*** Block opens ***
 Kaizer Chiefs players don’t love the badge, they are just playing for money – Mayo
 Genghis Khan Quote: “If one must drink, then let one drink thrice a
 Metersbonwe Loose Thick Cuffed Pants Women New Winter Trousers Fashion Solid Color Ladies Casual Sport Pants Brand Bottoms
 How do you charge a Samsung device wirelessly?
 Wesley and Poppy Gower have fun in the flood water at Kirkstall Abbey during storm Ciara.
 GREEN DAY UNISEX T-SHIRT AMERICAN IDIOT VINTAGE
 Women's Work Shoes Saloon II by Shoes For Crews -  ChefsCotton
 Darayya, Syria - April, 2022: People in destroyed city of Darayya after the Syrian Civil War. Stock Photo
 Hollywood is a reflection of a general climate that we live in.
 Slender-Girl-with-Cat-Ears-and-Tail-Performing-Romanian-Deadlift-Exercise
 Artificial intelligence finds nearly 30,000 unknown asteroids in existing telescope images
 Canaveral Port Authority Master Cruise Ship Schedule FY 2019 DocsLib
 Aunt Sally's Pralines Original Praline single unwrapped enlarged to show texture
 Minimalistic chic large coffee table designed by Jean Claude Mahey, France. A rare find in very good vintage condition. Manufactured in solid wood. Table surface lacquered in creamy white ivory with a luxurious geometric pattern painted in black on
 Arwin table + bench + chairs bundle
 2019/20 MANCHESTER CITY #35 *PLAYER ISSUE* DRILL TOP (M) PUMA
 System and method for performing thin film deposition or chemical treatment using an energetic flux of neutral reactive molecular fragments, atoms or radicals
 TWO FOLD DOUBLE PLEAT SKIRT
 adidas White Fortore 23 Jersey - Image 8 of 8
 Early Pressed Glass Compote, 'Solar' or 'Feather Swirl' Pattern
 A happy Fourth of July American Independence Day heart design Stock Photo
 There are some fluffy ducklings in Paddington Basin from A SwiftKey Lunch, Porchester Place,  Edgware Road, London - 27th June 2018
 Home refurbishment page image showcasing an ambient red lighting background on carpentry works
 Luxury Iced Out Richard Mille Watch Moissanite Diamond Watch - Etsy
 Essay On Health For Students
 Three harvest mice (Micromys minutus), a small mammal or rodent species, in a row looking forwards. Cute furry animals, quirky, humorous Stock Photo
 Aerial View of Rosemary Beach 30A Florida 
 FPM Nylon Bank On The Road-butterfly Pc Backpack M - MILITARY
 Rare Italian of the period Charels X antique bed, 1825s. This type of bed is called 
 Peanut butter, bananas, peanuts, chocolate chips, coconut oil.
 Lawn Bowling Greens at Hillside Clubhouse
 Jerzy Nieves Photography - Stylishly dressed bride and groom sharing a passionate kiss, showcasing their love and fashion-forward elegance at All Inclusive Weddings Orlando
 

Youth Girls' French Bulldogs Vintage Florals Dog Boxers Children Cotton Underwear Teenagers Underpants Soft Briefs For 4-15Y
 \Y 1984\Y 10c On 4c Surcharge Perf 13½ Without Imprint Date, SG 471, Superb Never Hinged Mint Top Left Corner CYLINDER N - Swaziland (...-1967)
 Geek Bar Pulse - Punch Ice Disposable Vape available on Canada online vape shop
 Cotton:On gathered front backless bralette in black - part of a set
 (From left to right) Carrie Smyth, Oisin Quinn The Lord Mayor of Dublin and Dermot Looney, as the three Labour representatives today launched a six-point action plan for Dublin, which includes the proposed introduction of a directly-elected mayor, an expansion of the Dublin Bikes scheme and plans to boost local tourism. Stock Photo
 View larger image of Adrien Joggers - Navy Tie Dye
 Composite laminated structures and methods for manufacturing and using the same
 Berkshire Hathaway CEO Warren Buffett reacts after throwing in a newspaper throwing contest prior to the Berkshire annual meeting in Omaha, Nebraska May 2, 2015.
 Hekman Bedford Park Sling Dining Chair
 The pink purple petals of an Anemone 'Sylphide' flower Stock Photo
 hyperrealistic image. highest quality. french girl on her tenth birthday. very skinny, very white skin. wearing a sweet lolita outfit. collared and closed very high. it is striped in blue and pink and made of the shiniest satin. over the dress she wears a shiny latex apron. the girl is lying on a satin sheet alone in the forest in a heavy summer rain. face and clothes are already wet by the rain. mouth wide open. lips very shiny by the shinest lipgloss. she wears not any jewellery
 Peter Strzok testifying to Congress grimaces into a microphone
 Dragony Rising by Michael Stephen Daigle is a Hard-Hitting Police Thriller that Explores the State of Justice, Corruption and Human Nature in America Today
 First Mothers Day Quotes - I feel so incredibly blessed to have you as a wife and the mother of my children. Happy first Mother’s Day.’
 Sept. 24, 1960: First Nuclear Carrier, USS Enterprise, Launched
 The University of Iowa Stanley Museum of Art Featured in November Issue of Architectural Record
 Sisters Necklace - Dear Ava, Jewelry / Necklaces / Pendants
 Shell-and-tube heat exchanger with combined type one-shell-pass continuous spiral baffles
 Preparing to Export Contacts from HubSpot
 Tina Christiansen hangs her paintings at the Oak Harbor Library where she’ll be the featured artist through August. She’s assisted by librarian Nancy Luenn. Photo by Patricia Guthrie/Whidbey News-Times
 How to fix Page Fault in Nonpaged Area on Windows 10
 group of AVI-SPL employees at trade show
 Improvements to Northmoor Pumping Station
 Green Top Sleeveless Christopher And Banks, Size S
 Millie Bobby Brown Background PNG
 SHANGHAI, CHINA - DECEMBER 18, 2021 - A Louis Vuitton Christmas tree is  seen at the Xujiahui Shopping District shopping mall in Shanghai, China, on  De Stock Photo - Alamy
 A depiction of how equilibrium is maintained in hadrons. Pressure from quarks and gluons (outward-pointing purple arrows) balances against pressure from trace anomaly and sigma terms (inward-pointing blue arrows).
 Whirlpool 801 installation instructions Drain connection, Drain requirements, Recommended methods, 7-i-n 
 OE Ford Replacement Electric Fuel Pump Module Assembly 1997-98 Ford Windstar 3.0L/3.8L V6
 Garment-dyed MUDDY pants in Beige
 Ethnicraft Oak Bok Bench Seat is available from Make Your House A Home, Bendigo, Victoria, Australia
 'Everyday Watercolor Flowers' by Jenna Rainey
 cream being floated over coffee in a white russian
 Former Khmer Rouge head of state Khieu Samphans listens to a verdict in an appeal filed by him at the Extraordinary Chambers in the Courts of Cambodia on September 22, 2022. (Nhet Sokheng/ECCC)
*** Block closes ***
- [Task details]:
In your answer, include only the lines above starting at the line that holds "Hollywood is a" and ending at the line that holds "Essay On Health For Students", copied exactly.

- [Worked solution]:
 Hollywood is a reflection of a general climate that we live in.
 Slender-Girl-with-Cat-Ears-and-Tail-Performing-Romanian-Deadlift-Exercise
 Artificial intelligence finds nearly 30,000 unknown asteroids in existing telescope images
 Canaveral Port Authority Master Cruise Ship Schedule FY 2019 DocsLib
 Aunt Sally's Pralines Original Praline single unwrapped enlarged to show texture
 Minimalistic chic large coffee table designed by Jean Claude Mahey, France. A rare find in very good vintage condition. Manufactured in solid wood. Table surface lacquered in creamy white ivory with a luxurious geometric pattern painted in black on
 Arwin table + bench + chairs bundle
 2019/20 MANCHESTER CITY #35 *PLAYER ISSUE* DRILL TOP (M) PUMA
 System and method for performing thin film deposition or chemical treatment using an energetic flux of neutral reactive molecular fragments, atoms or radicals
 TWO FOLD DOUBLE PLEAT SKIRT
 adidas White Fortore 23 Jersey - Image 8 of 8
 Early Pressed Glass Compote, 'Solar' or 'Feather Swirl' Pattern
 A happy Fourth of July American Independence Day heart design Stock Photo
 There are some fluffy ducklings in Paddington Basin from A SwiftKey Lunch, Porchester Place,  Edgware Road, London - 27th June 2018
 Home refurbishment page image showcasing an ambient red lighting background on carpentry works
 Luxury Iced Out Richard Mille Watch Moissanite Diamond Watch - Etsy
 Essay On Health For Students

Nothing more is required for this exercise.